I was looking at how sharing was added into equinox, and was a bit surprised at the approach taken. I had a similar challenge where I had a PyTree with shared jax.Arrays, and jit'ing a function that took such a PyTree as input ended up being really slow (presumably as it copied the same array over and over on device).

I took a different approach, and I'm wondering if this might be a better or alternative choice for equinox.

Obviously a PyTree can represent a DAG, as you can simply have two sub-PyTrees be, in fact, the same object. The problem is that running that through a jax transformation (namely jit) treats the repeated objects as independent. So why not use the same partition/combine equinox idea to do an unshare/share separation around the problematic jax transformations. Here unshare removes duplication, using a placeholder to store the duplication, and share returns the duplication on the inside of the transformation.

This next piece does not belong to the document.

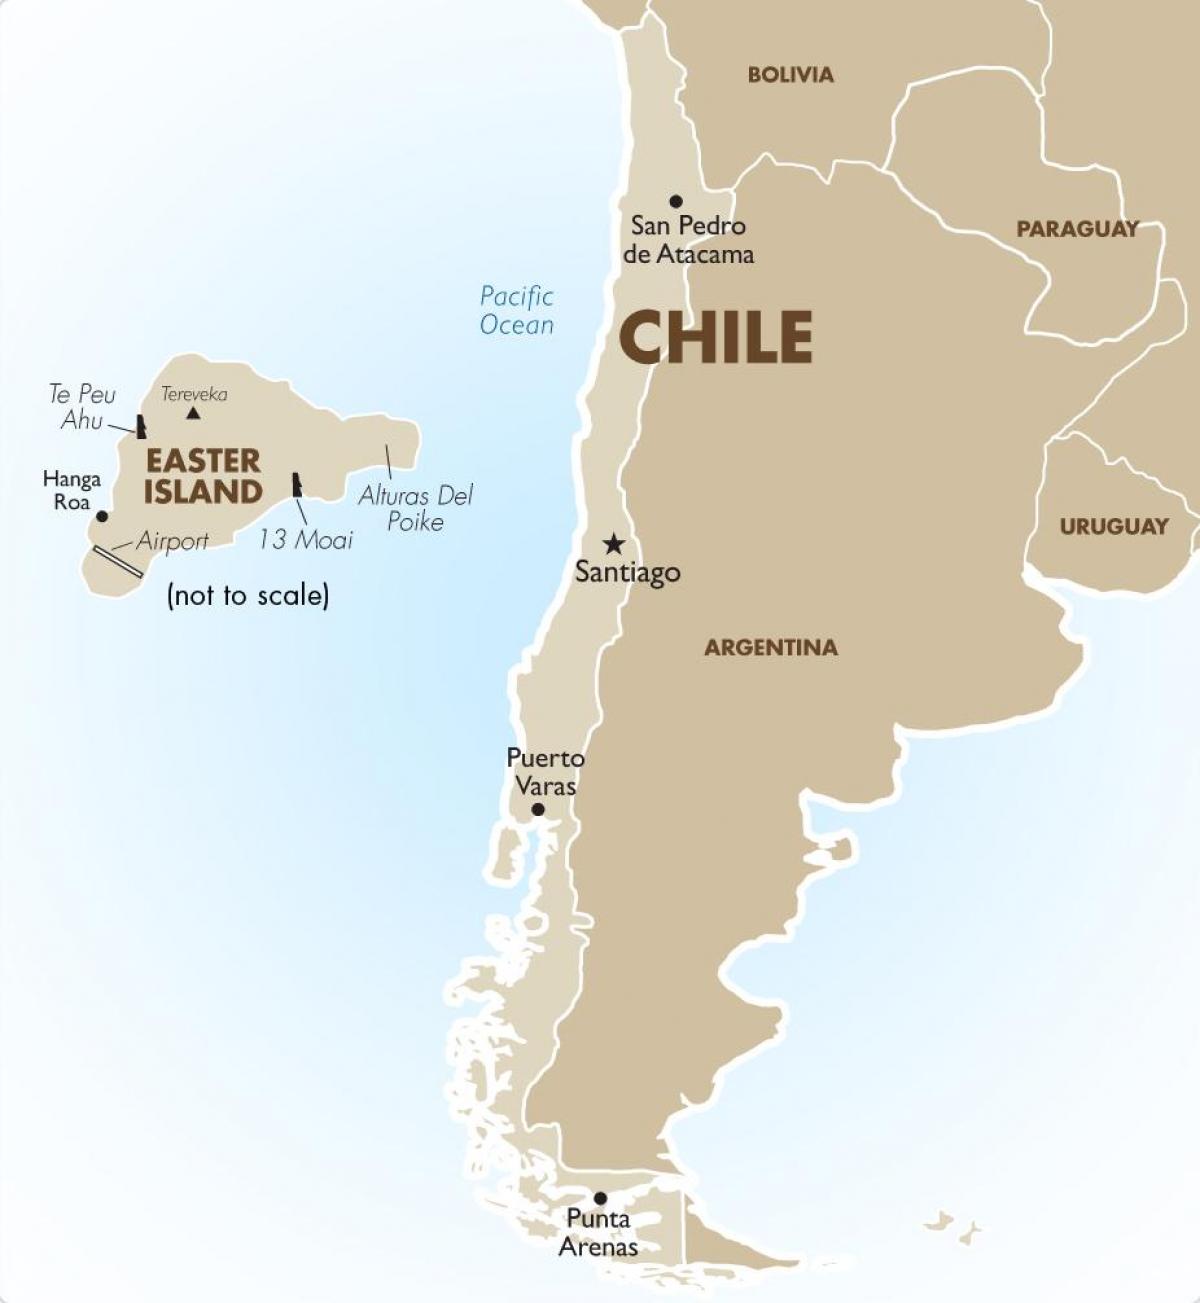 Chile ay mapa

Here's what I implemented to solve the problem. The key is a meta-decorator share_through that does this unshare/share around some other transformation decorator. In my case, I use it as @share_through(eqx.filter_jit) on top of a function I want to jit that takes PyTree's with shared structure.

class _ShareIndex(int):
  def __repr__(self):
    return f'*{int(self)}*'

def _tree_unshare(x):
  leaves, treedef = jtu.tree_flatten(x)

  ids = [ id(l) for l in leaves ]

  shared_leaves = []
  shared_ids = {}
  for l in leaves:
    if id(l) in shared_ids:
      shared_leaves.append(_ShareIndex(shared_ids[id(l)]))
    else:
      shared_leaves.append(l)
      shared_ids[id(l)] = len(shared_leaves) - 1

  return jtu.tree_unflatten(treedef, shared_leaves)

def _tree_share(x):
  leaves, treedef = jtu.tree_flatten(x)

  leaves = [leaves[l] if isinstance(l, _ShareIndex) else l for l in leaves]

  return jtu.tree_unflatten(treedef, leaves)

def share_through(dec):
  def _dec(f):
    def _f_inner(*args, **kwargs):
      args = tuple(_tree_share(a) for a in args)
      kwargs = {k: _tree_share(v) for k,v in kwargs.items()}
      return _tree_unshare(f(*args, **kwargs))

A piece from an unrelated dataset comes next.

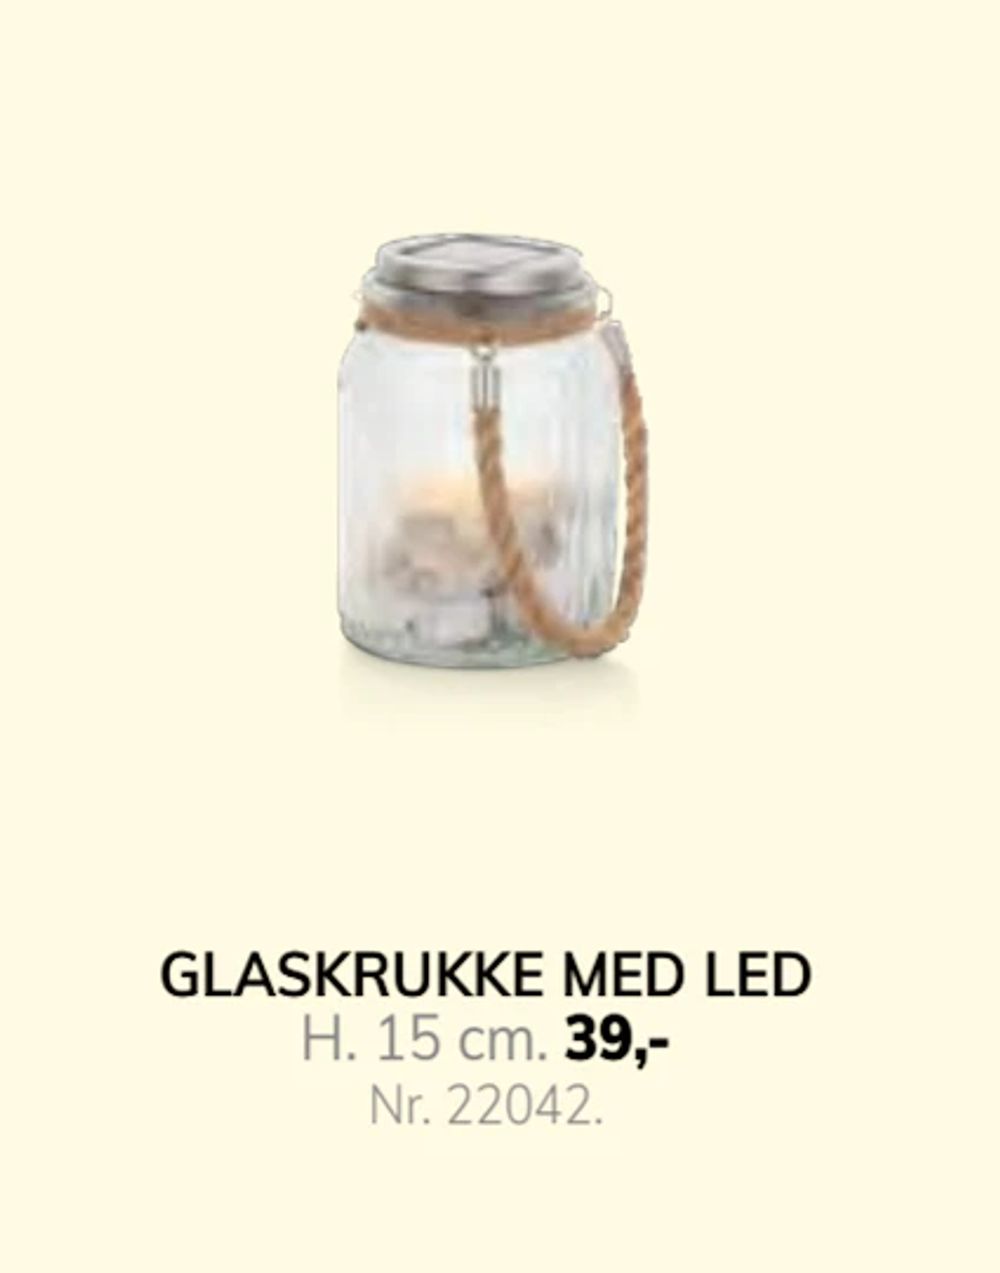 Tilbud på GLASKRUKKE MED LED fra Daells Bolighus til 39 kr.

    _dec_f = dec(_f_inner)

    @functools.wraps(f)
    def _f_outer(*args, **kwargs):
      args = tuple(_tree_unshare(a) for a in args)
      kwargs = {k: _tree_unshare(v) for k,v in kwargs.items()}
      return _tree_share(_dec_f(*args, **kwargs))

    return _f_outer

  return _dec

Here, you don't need to specifically label anything as shared. No special construction or labelling of the PyTree. No extra programmatic syntax to manipulate the shared PyTrees. You can specify sharing by simply sharing, and if you don't want something shared make sure it's a copy and not the same object. This seems to fit equinox's ethos perfectly. So maybe this just be built into eqx.filter_jit.

The above is limited to sharing at leaves (which is where all the dynamic arrays will be anyway), but it could relatively easily be modified to allow shared internal subtrees where stubs encode paths to where the original subtree lives.

Another limitation is that two PyTrees with two different sharing structures (e.g., one has shared leaves, and the other doesn't) will result in a re-JIT, as the input signature would be tied to its sharing structure. But overall, this seems like desirable behavior.

Maybe there's other limitations that prevent this from handling all that one would want sharing to handle?

Thoughts?

I could build this into a PR for filter_jit, but don't want to take the time if there's no interest.

Hey there!

So (variants of) what you have here are actually something I considered as well. In the end I decided against it.

The main reason for this is that right now, there is no coupling between eqx.Module and eqx.filter_{jit, ...}. The former is just a PyTree; the latter is just a transformation that acts on PyTrees. Adding sharing behaviour in the manner you propose would mean we now have a new concept (_ShareIndex) which couples these two things together.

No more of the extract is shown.